SUIT FOR YOUNG WOMAN IN MARINE BLUE WITH WHITE STRIPE
#3
 This suit is quite intriguing....The suggested fabric is a pin stripe and the pockets are pieced so that the stripe miters.  The collar detail is lovely and it too has an interesting hem detail this time at the back of the skirt.  This would be for display or for sale.


LADIES JACKET IN HEAVY WOOL WITH VELVET ACCENT
 #4
I am in need of a coat and this could be done as suggested in a wool with velvet accents.


LADIES BLOUSE WITH OUT LINING IN CHECK FABRIC WITH STIFF LINEN COLLAR
 #5
This is the perfect school mistress blouse right?  I could update it for sure and I do need blouses:)
Another plus...it's not a large time or financial commitment

LADIES DUSTER COAT
 #6
Another coat possibility...Trim, buttons and large patch pockets in a modified 3/4 length...Rather nice, but what fabric?
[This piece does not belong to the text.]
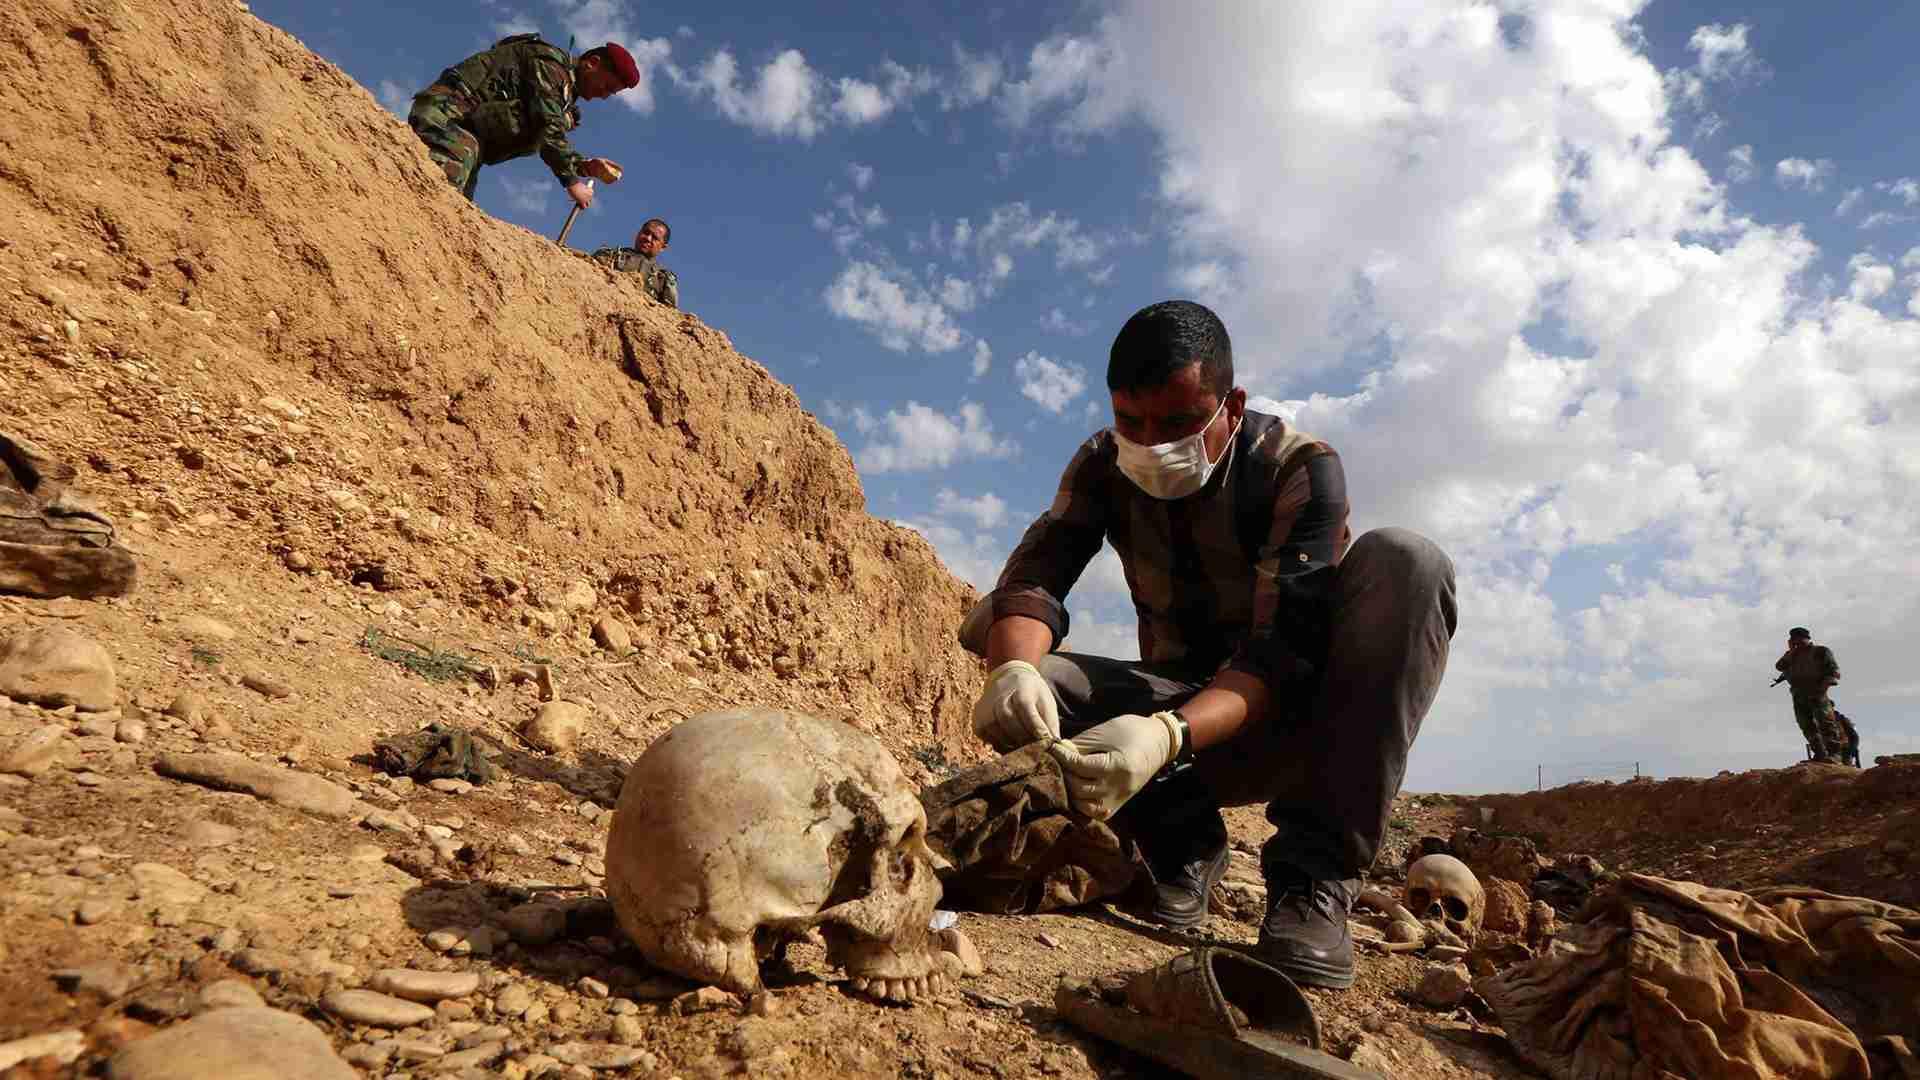 ВИраке отыскали массовое захоронение 400 жертв боевиковИГ

What color?
Love the hat...not included of course - lol

LADIES BLOUSE WITH CUT WORK AND PLEATS
#7
Another useful blouse....oh so sweet, and yes I would consider hand finishing those scallops and embroidering those charming dots or are they eyelot holes?  Not a fan of the peter pan collar on me but again I could modify that to a more suitable shape but retain the scallop detail

Please vote and save me some agonizing. 
I am looking forward to hearing your opinions.

Tuesday, February 21, 2012

The 1912 Project




Ahh the Titanic.  
As many of you already realize this year, in April is the 100th anniversary of her fatal voyage.  It has launched many events for this year at Museums and tea rooms around the world. 
 An opportunity for re-enactors to gather in Edwardian Costume and Historians to reflect on the folly of man's pride and ambition.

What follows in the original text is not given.